For the gain margin of $- 5$ dB, the combination PEM–AFC+DeepMFC(1) was clearly preferred over PEM–AFC alone and DeepMFC(1) alone, and PEM–AFC was preferred over DeepMFC(1). The latter effect might be a consequence of the fact that DeepMFC(1) was trained using only positive gain margins. For the gain margin of $- 10$ dB, the combination PEM–AFC+DeepMFC(1) was clearly preferred over DeepMFC(1) alone. Although PEM–AFC was not used in training DeepMFC(1), the results confirm that DeepMFC(1) can be used as a post-processing module to improve the performance of PEM–AFC, consistent with our previous study Zheng, Wang et al. (2022).

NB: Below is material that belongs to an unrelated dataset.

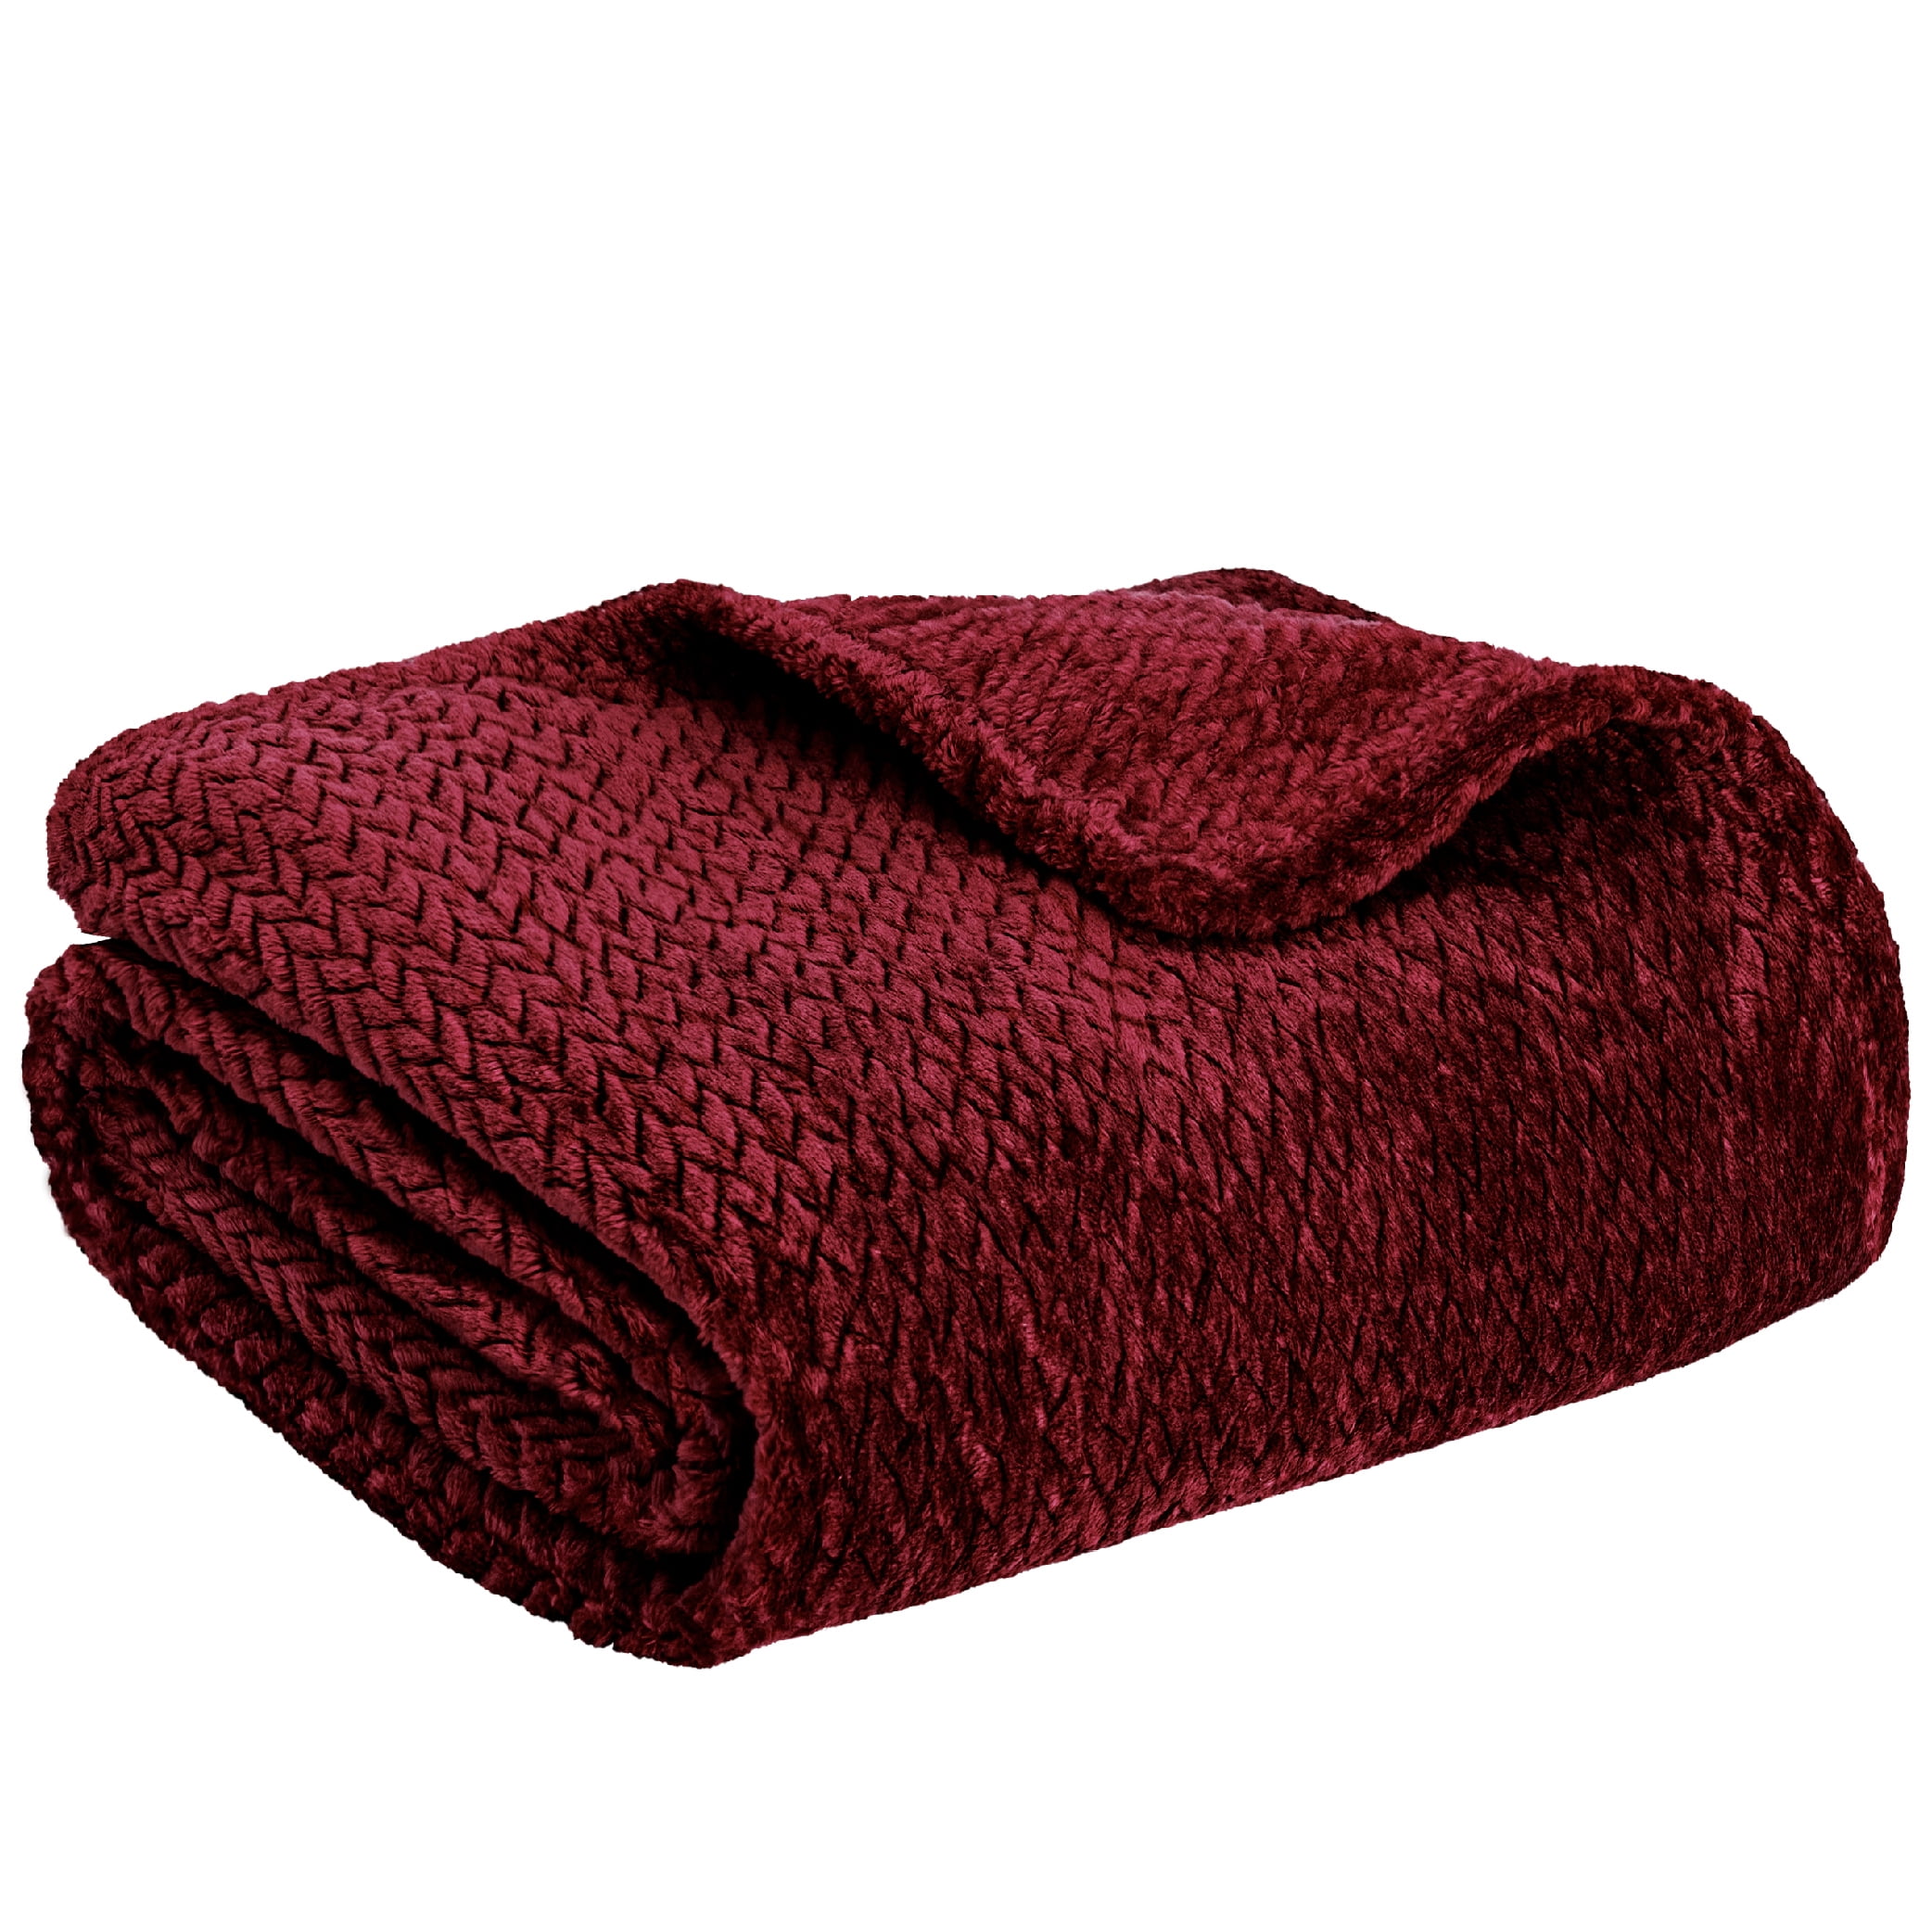 The Comfy Blanket Sweatshirt - Burgundy, 1 ct - Fry's Food Stores

Results of the Listening Test for Music

Table 5 shows the results of the listening test for music. For the gain margin of 0 dB, PEM–AFC was preferred over DeepMFC(3) ( $χ^{2} = 9.0$ , $p = 0.011$ ) and over the combination PEM–AFC+DeepMFC(3) ( $χ^{2} = 19.7$ , $p < 0.0001$ ), which differs from the results for speech. This may have happened because the music stimuli were distorted by DeepMFC(3). When the gain margin was set to $- 5$ dB, the combination PEM–AFC+DeepMFC(3) was clearly preferred over PEM–AFC and DeepMFC(3), and when the gain margin was set to $- 10$ dB the combination PEM–AFC+DeepMFC(3) was clearly preferred over DeepMFC(3)(all $p < 0.0001$ ). The preference for PEM–AFC+DeepMFC(3) over PEM–AFC for the $- 5$ dB gain margin is inconsistent with the HAAQI scores for simulated NH listeners shown in Figure 6. This suggests that HAAQI scores do not always correspond to subjective preferences. This discrepancy might have occurred because participants paid more attention to the howling components of music processed by PEM–AFC at the beginning of the adaptation period than to the distortion caused by DeepMFC(3) during the ongoing part of the stimulus. Overall, the listening test results indicate that, for negative gain margins, preferences were greatest for the combination PEM–AFC+DeepMFC(3), perhaps because PEM–AFC was very effective in canceling feedback while DeepMFC(3) was effective in reducing artifacts.

Table 5.

As Table 4 but for music.

Gain Margin	0 dB	$- 5$ dB	$- 10$ dB
Unprocessed	1.3%	–	–
PEM–AFC	98.7%	–	–
Equal	0.0%	–	–
Unprocessed	0.0%	–	–
DeepMFC(3)	98.7%	–	–
Equal	1.3%	–	–
Unprocessed	4.0%	–	–
PEM–AFC+DeepMFC(3)	92.0%	–	–
Equal	4.0%	–	–
PEM–AFC	29.3%	76.0%	–
DeepMFC(3)	13.3%	20.0%	–
Equal	57.3%	4.0%	–
PEM–AFC	28.0%	6.7%	–
PEM–AFC+DeepMFC(3)	6.7%	89.3%	–
Equal	65.3%	4.0%	–
DeepMFC(3)	5.3%	1.3%	0.0%
PEM–AFC+DeepMFC(3)	18.7%	94.7%	100.0%
Equal	76.0%	4.0%	0.0%

PEM: prediction error method; AFC: adaptive feedback cancellation.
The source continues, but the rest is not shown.